Weight has become an obsession. One of the first questions asked after a baby is born is “how much did he/she weigh?”, and “you look like you’ve lost weight” is almost invariably meant as a compliment. It is not just the Jewish community who have this fixation. According to research carried out in 2016 by Mintel, two thirds of UK adults are on a weight-loss diet “most of the time”. In my busy north London nutrition practice, 70 per cent of clients seek my help for weight loss.
Nearly 62 per cent of England’s population are overweight or obese, making the UK the “fat man” of Europe according to the Academy of Medical Royal Colleges. But does it matter? We love to celebrate with food and it is a huge part of our culture. Is it OK to have a bit of a wobbly tummy, or should we all be trying to slim down?

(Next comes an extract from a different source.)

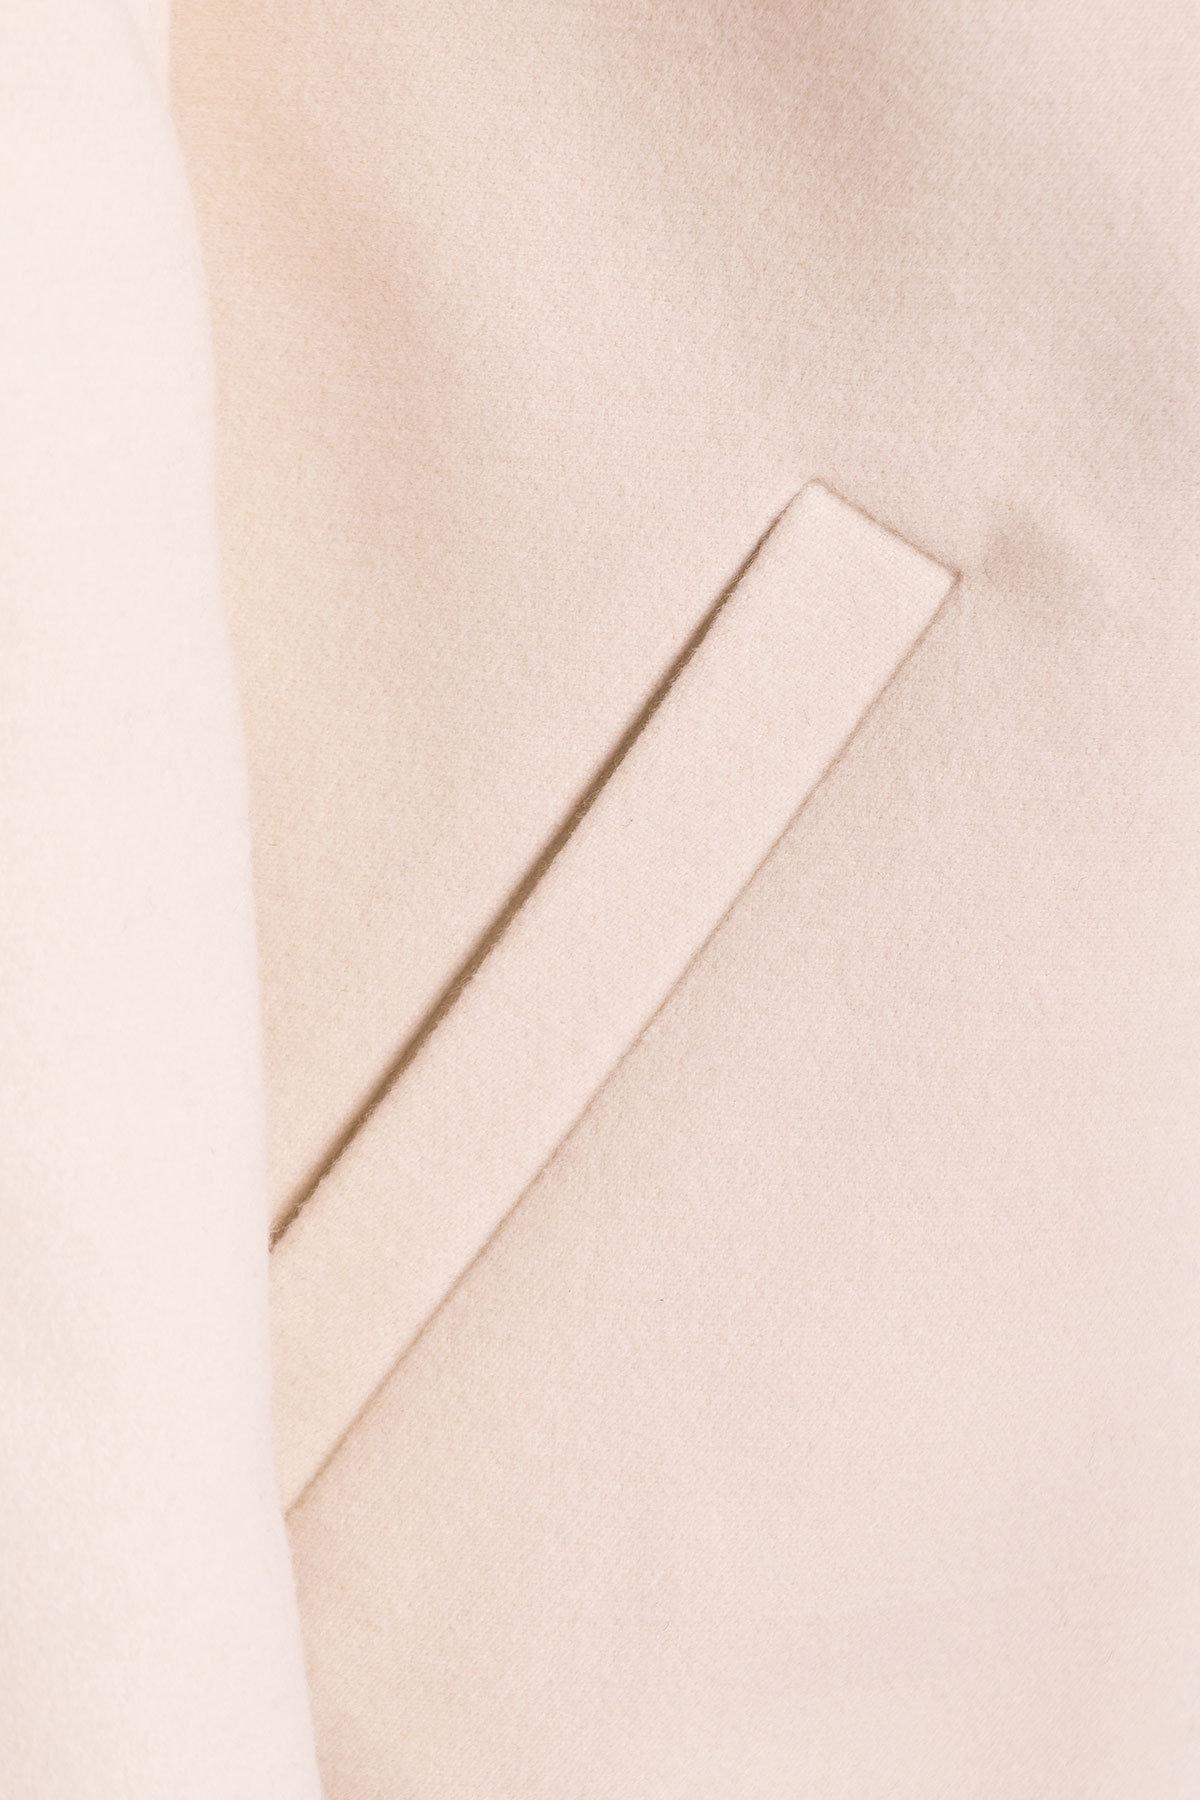 Пальто Фортуна 4812 Цвет: Светло-бежевый

Weight is determined using the body mass index (BMI), calculated simply by dividing a person’s weight in kg by the square of their height in metres. The resulting number corresponds to a category — underweight (less than 18), normal weight (19 to 24), overweight (25 to 29) and obese (30 plus).
The BMI has been used by medical professionals for more than 100 years but regularly comes into criticism for being too crude. For example, muscle mass is not considered. This means a very fit, muscley athlete might have a BMI in the obese category, while a short person might have a healthy BMI despite carrying too much weight around their middle (the dangerous area). A more revealing determinant of health risk is waist-to-height ratio. For this, divide the waist circumference by the height (ensure both units are the same). A result of 0.4 to 0.5 is considered “safe”. Lower is underweight and a result of 0.5 or more signifies increased risk of heart disease, stroke and death.
Although BMI may be flawed when looking at individuals, it can be useful when studying populations and it is this measure that is used in most of the studies into weight and disease risk.
Whether you can be healthy and under- or overweight is the subject of ongoing research. We do know the risk factors for certain diseases are increased when you are overweight — these include cancer, diabetes, heart disease and stroke. However numerous studies have looked at just one disease to see if weight makes a difference and the findings are not always conclusive, or as you might imagine.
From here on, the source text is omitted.